Write a simple shell script that invokes wget with the -m (mirror) option on the first argument and call it wgetscript.sh (or whatever you want, of course). The content of my script is:

                       #!/bin/bash
                       /usr/bin/wget -m -L -t 5 -w 5 $1
                       exit

Put the script in the proper directory (I choose $HOME/bin and make it executable, chmod 755 <filename>.

Step 2: Add the Script to the KDE Application Menu

Following the guidelines in this paragraph of the KDE user guide, www.kde.org/documentation/userguide/adding-programs.html, add the script to the KDE menu. Figure 1 shows what I had to write to accomplish this. The string "mymirror" is the one that actually appears in the menu, and the comment is self-explanatory. The really interesting thing in this picture, i.e., the bit of black magic absolutely essential for the correct working of the whole procedure, is the content of the "Command" box:

/home/marco/bin/wgetscript.sh %u

Apart from using the complete path to the script, what is important is the %u part; this is what will tell Konqueror to launch the script with the complete URL that we selected as the first argument. Notice also that I checked the Run in terminal option. In this way, a Konsole window will open and run your script, and it will be possible to see what happens.

Figure 1. Adding wget to the KDE Menu

Step 3: Launch the Script

Now, to use this script from Konqueror, you have to right-click on the link that you want to mirror, (I choose the "Manuals online" link on the Free Software Foundation page for this example), and select the Open with.. option. Konqueror will open the window showed in Figure 2, which will you allow to choose "mymirror".
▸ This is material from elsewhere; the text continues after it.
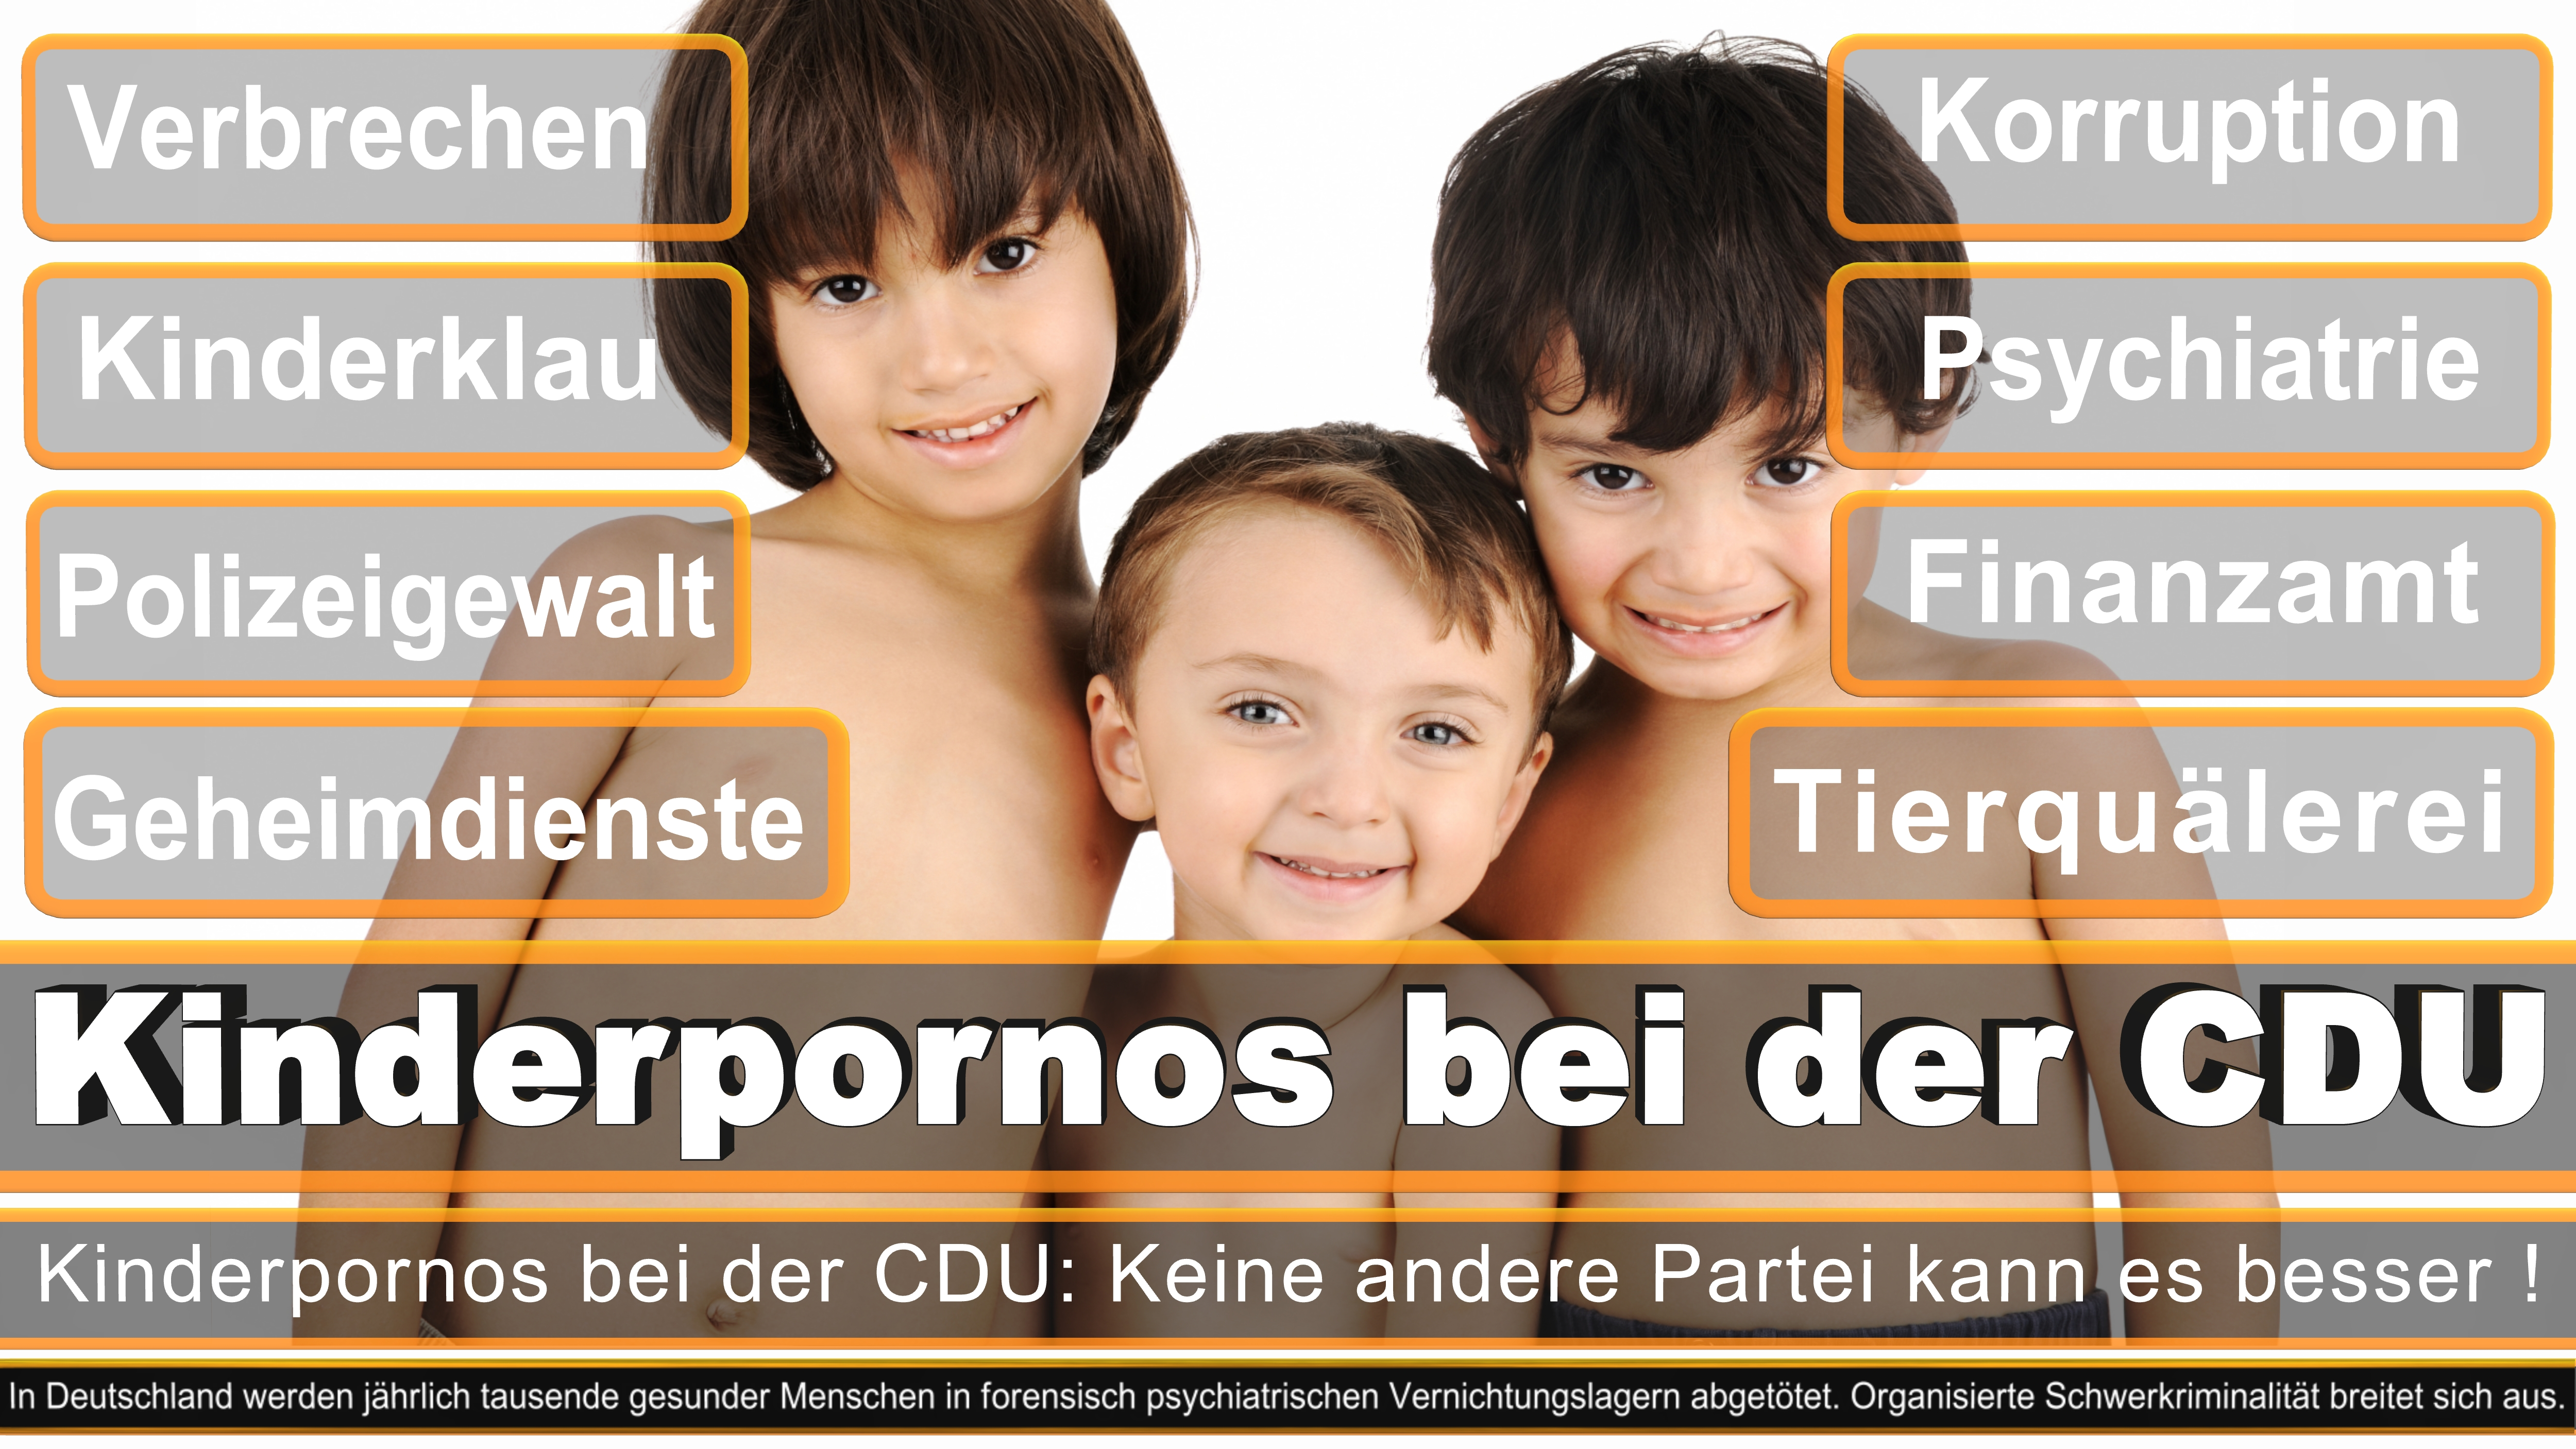 CDU Bielefeld, Ortverband, Fraktion, Rat, Ratsmitglieder, Vorstand (2)

Figure 2. The Open with Option

______________________

Articles about Digital Rights and more at http://stop.zona-m.net CV, talks and bio at http://mfioretti.com

Comments

Comment viewing options

Select your preferred way to display the comments and click "Save settings" to activate your changes.

Re: Smart (Script-Aided) Browsing

Anonymous's picture

Interestingly some news websites like www.ananova.com analyse the http headers received from the client to detect whether the client is a command-line tool like wget or curl or a graphical web browser like Netscape or Explorer. The reply you get from the web server is different depending on the type of client you are using. Presumably this is done deliberately to stop users mirroring content. wget will actually fail to download web pages from www.ananova.com. Perhaps somebody knows of a ready-made command-line client which can simulate the http headers of Netscape et al.Wills (/. 242929) -- unable to login for some reason despite having both cookies and referrer enabled.

reply from the author

Anonymous's picture

The technical solution to your question is here:

http://www.linuxgazette.com/issue70/chung.html

Even Konqueror and other browsers allow you to set the User-Agent string at your will. As Mr chung points out, however, the real problem is:

Warning: the above tip may be considered circumventing a content licensing mechanism and there exist anti-social legal systems that have deemed these actions to be illegal. Check your local legislature. Your mileage may vary.)To me (Marco Fioretti), this is the same as saying that someone will sell to me a VHS tape only if I commit to look at it only with the most expensive VHS player around, from a particular vendor of his choice. The real solution in these cases is to politely tell to the webmaster that he got the whole internet thing backward, that you will never visit that site again, and will encourage everybody you know to do the same.

Best Regards,

Marco Fioretti

www.freesoftware.fsf.org/rule/

complications

Anonymous's picture

I think the situation is more complicated than you suggest. The website www.ananova.com detects which type of client you are browsing with (i.e., command-line tools such as wget and curl, or graphical browsers such as Netscape and Explorer) by looking at the http headers instead of by looking at the user-agent. This can be proved by using the --user-agent option in wget to set the user-agent to any of the typical values for a graphical browser, e.g., Mozilla/4.0 (compatible; MSIE 4.01; Windows 98). If you try this, wget will fail to read any pages from www.ananova.com. To see the differences in the http headers, try watching the communications (when you are browsing www.ananova.com) between your computer and www.ananova.com using something like either tcpdump host www.ananova.com port 80 -w - | strings, or strace -f on the process id of a junkbuster proxy. Graphical browsers like Netscape and Explorer supply http headers such as Proxy-Connection, Accept, Accept-Encoding, Accept-Charset, etc. The command-line tools like wget and curl don't supply these headers. The differences are enough for www.ananova.com to be able to recognise the browser type and react differently in each case.On your second point regarding legality of wget, I do not know how the law applies in your country but in the UK intention is the decisive factor. If your intention is to read a public website, and you have not previously entered a contract to use only one specified method of reading that website, then you are free to use any reading method of your choice on your own computer as long as it causes no loss or damage to anyone else and their property. There is no UK case law on methods of reading a website so UK statutes provide the default legal framework. If, however, your intention was to use wget to copy a website and sell the copied content to others, then you are committing several offences under UK law including one of copyright infringement.Wills (still unable to login despite having enabled both cookies and referrer)

Re: complications

Anonymous's picture

Wills,

thank you for your explanation. I know that some webmasters prefer to spend their time applying such measures, rather than providing portable content.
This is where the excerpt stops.